The parallels are remarkable. I realize this guy could be a complete charlatan. In the past, I've been burned because I believed other people's stories of supernatural experiences were as true as my own, so I don't assume anything. But it sure sounds like he and I got a dose of the same thing. I wish everyone could feel it. It's really something, being exposed directly to God's true personality. You would not believe how much He loves us. I know life is full of suffering, but I felt that love, physically, as surely as I feel the keys I'm using to type this entry.
Here's the video:
One message I have derived from my reading and study is that I have to quit being so obnoxious to Muslims. It's fair to say they've shown great cruelty and bloodthirstiness and ruthlessness, but I shouldn't insult and antagonize them gratuitously, just to express my anger and frustration. I criticize Ann Coulter for being so nasty to liberals she prevents them from hearing the conservative message. Well, if everyone is as nasty to Muslims as I have been, there is no hope we'll ever succeed in acquainting very many of them with Jesus. And Jesus is the only force that can change them. It's fine to send the military to hold them back by force, but I remember what Paul said: "For we wrestle not against flesh and blood, but against principalities, against powers, against the rulers of the darkness of this world, against spiritual wickedness in high places." That's from the book of Ephesians, chapter 6, verse 12. While we have to resist evil with physical strength, the truth is, human beings are not the primary enemy, and any earthly effort that is not supported by spiritual effort is wasteful and likely to fail. I'm not saying God will turn all the Muslims into Christians, and there will be peace on earth and free cupcakes for everybody. But things would be better than they are now, and countless people could be turned into friends and saved from destruction. It really happens.

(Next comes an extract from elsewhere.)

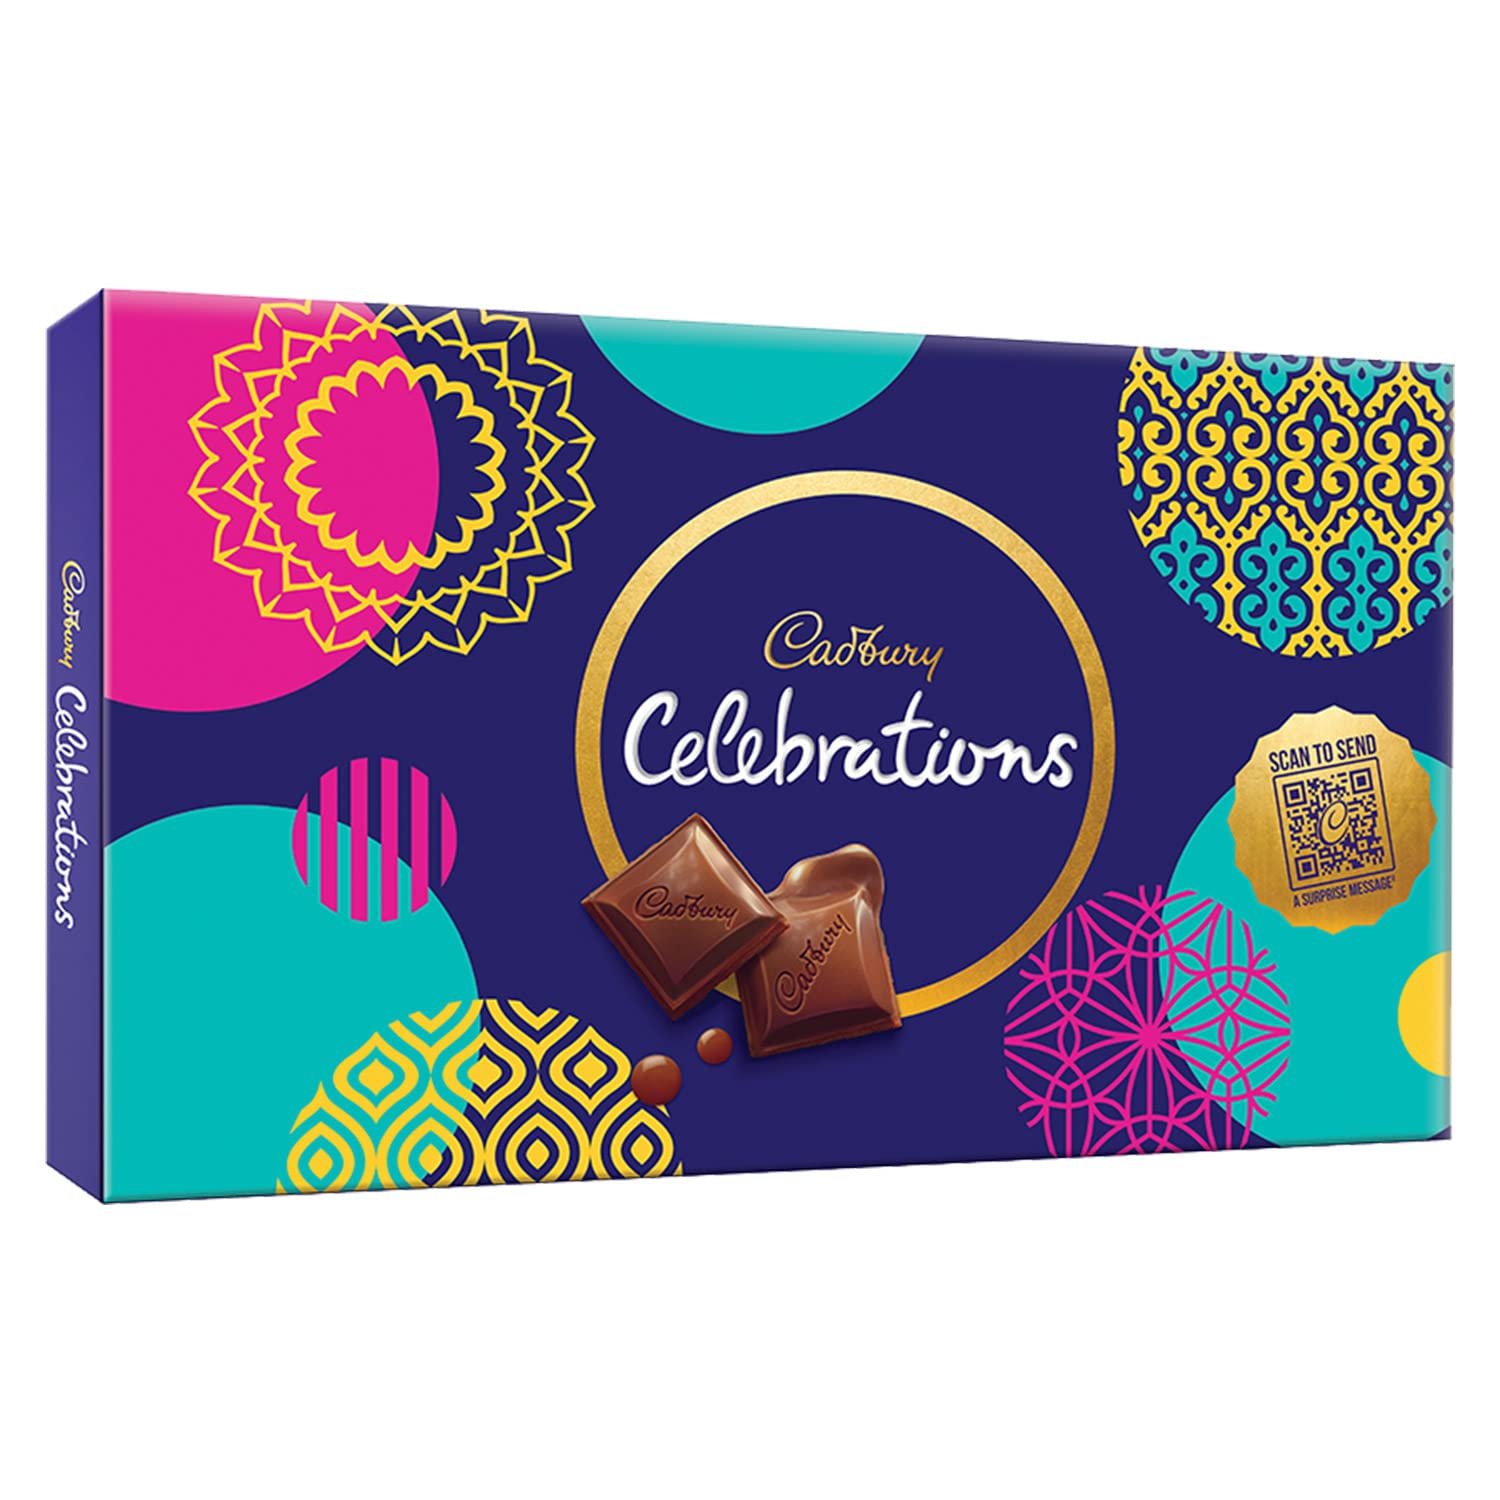 Cadbury Celebrations Assorted Chocolate Gift Pack Bars Price in India - Buy  Cadbury Celebrations Assorted Chocolate Gift Pack Bars online at  Flipkart.com

I think I've said this before: I wonder if we pray for Muslims as much as we pray for cheaper gas.
The world is like a Japanese bunraku play, in which black-garbed puppeteers stand on a stage and manipulate dolls that represent characters. We see the people in the world, and we see their actions. But the dark forces that drive them are more obscure, as they desire to be. And often we attack the puppets and ignore the puppeteers. That is what I've been doing.
I did not make my stories up to get attention. I will never earn a dime from them. They will not help my writing career. I'm telling the truth. I almost hate to ask people to believe, because we have all believed so many things, only to find out we've been lied to. I hate to ask anyone to try one more time. But I hope someone out there will consider the possibility that I'm not lying and will be inspired to pray that God will help him or her find her way. I can't defend God or tell you why life isn't easier. I can't explain the fact that you can't have Him the way you want Him. I'm not a preacher. I do not have the answers. But I can promise you that He exists and that He cares, and that sometimes He takes dramatic steps to prove Himself to people. If the deal seems unfair to you, try to have faith that God knows better than you do. You better take what's offered and be teachable and make the most of it, because if God is really God, there is no Door Number Two.